** SUPPLIED INFORMATION follows **
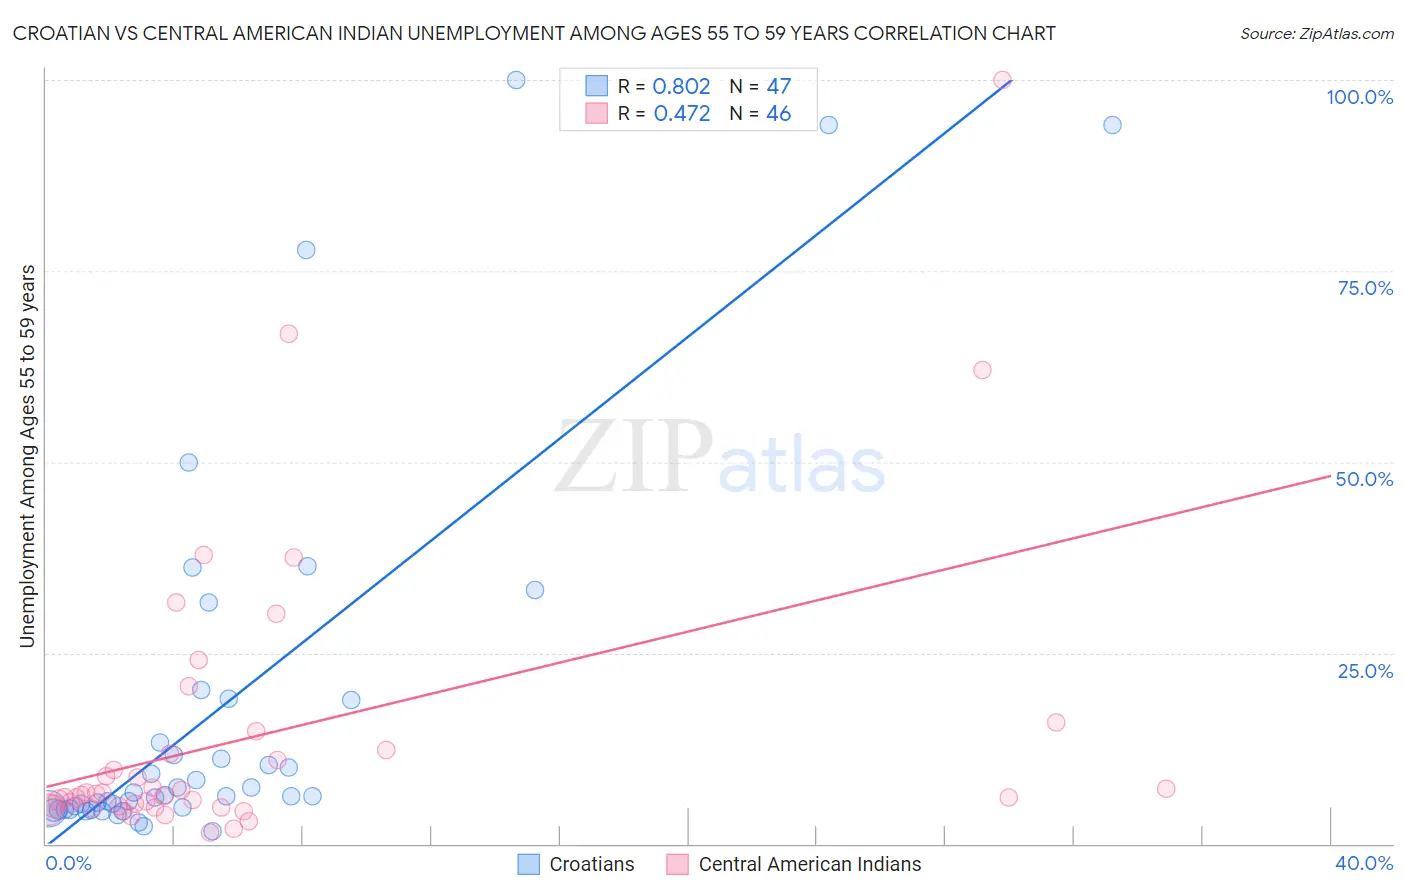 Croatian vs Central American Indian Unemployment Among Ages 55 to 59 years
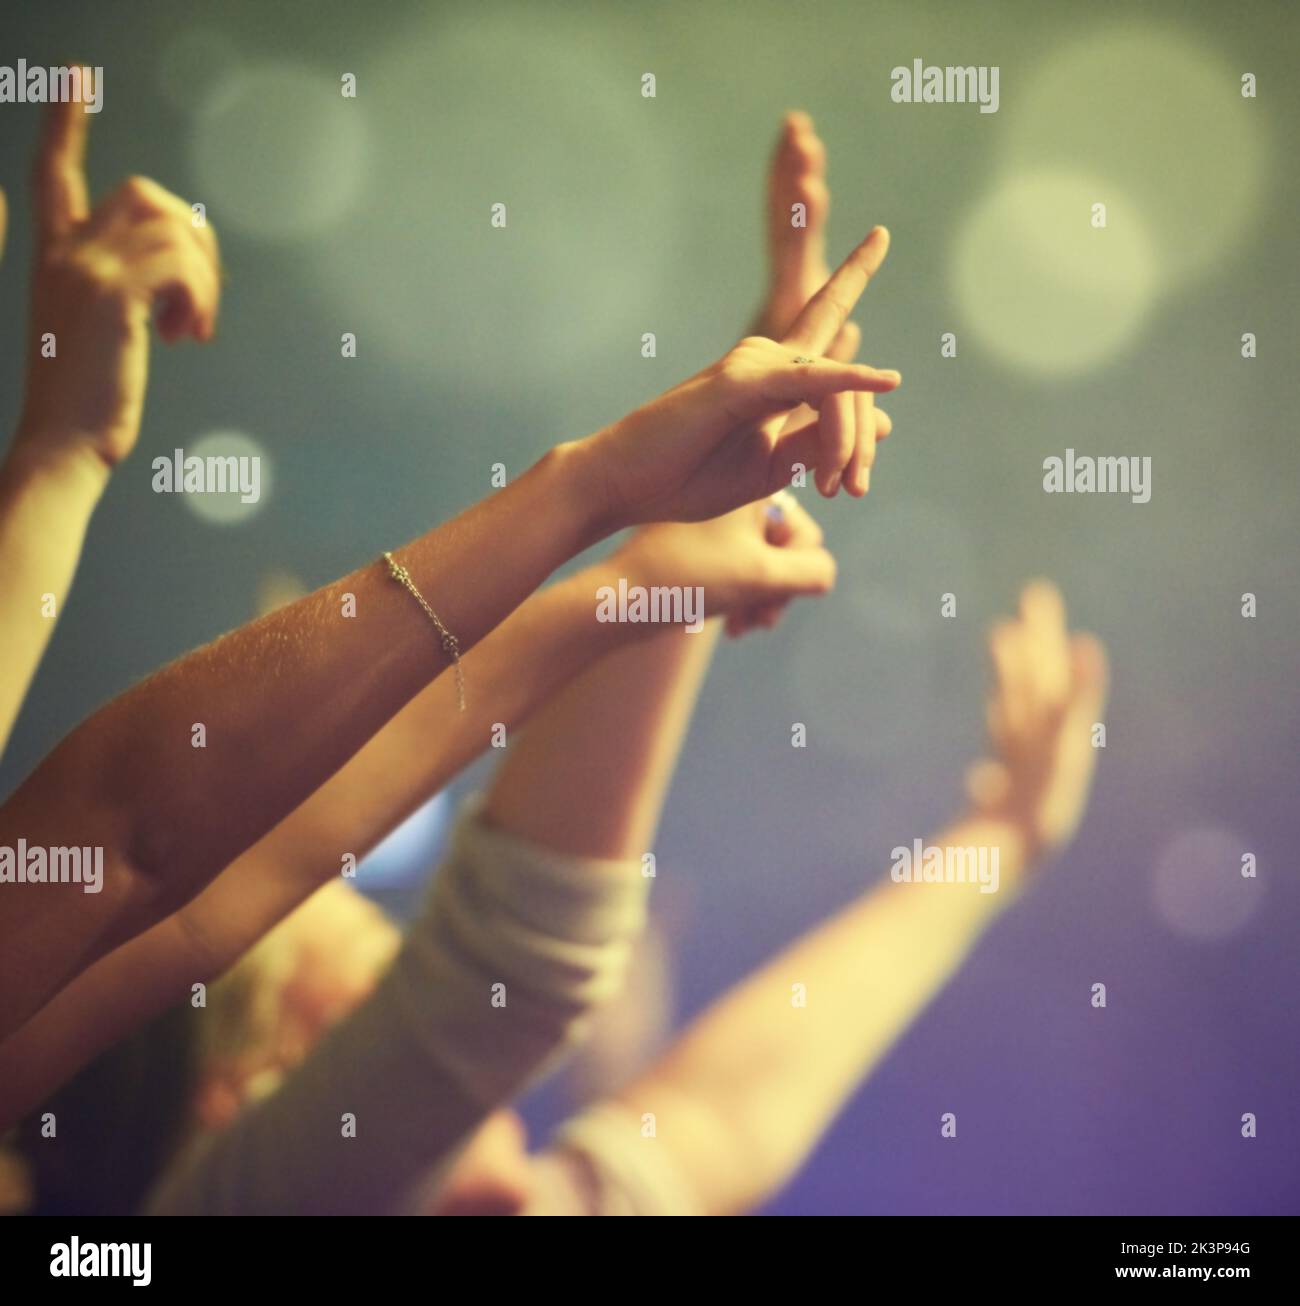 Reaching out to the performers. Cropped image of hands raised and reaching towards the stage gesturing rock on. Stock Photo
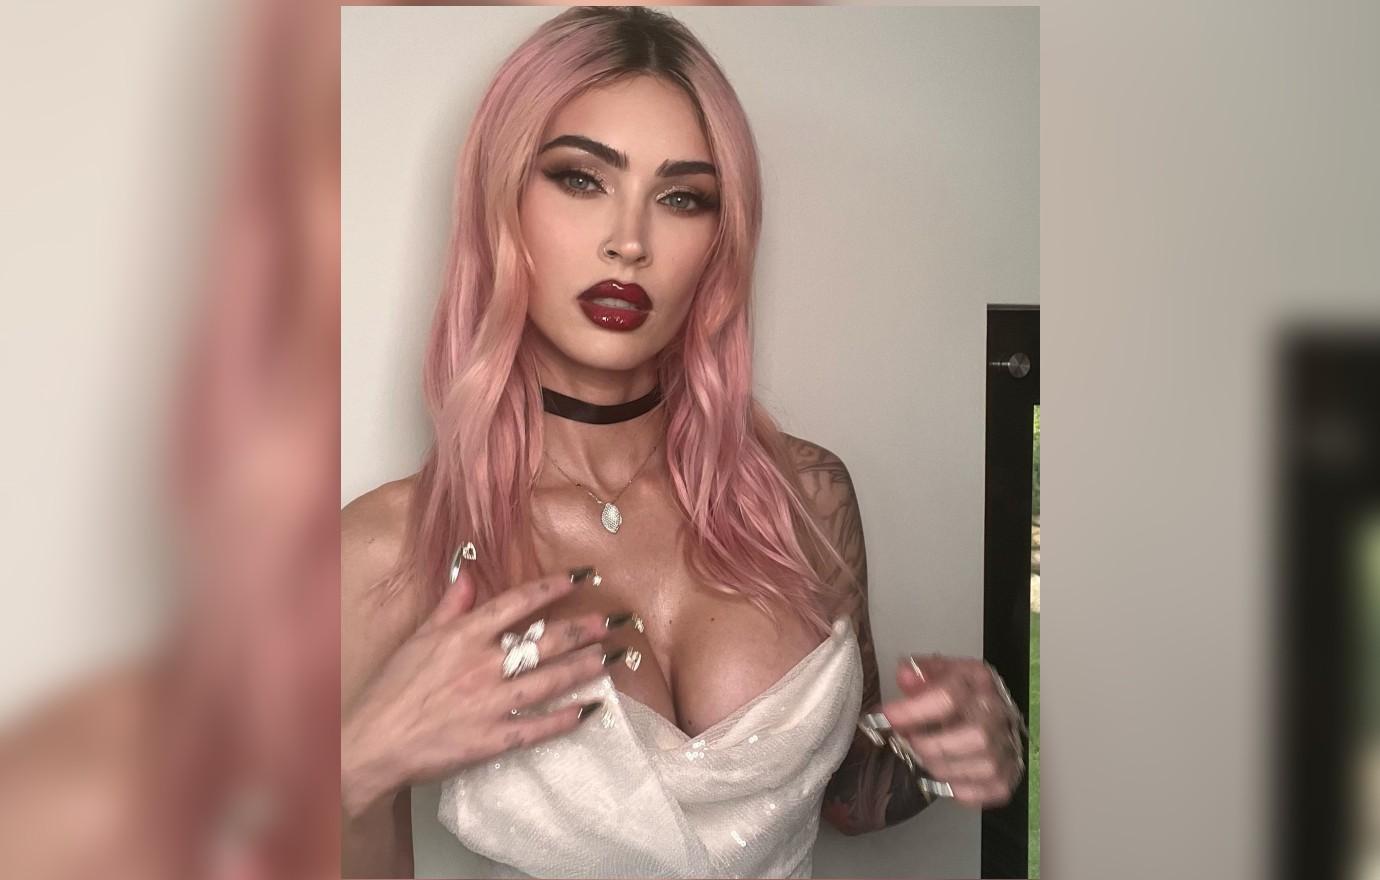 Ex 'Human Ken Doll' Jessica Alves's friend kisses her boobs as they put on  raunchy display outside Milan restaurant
** End of SUPPLIED INFORMATION **
• WHAT IS BEING ASKED: Omit the pictures and output all remaining material exactly.

• ANSWER FOR THE TASK:
 Croatian vs Central American Indian Unemployment Among Ages 55 to 59 years
 Reaching out to the performers. Cropped image of hands raised and reaching towards the stage gesturing rock on. Stock Photo
 Ex 'Human Ken Doll' Jessica Alves's friend kisses her boobs as they put on  raunchy display outside Milan restaurant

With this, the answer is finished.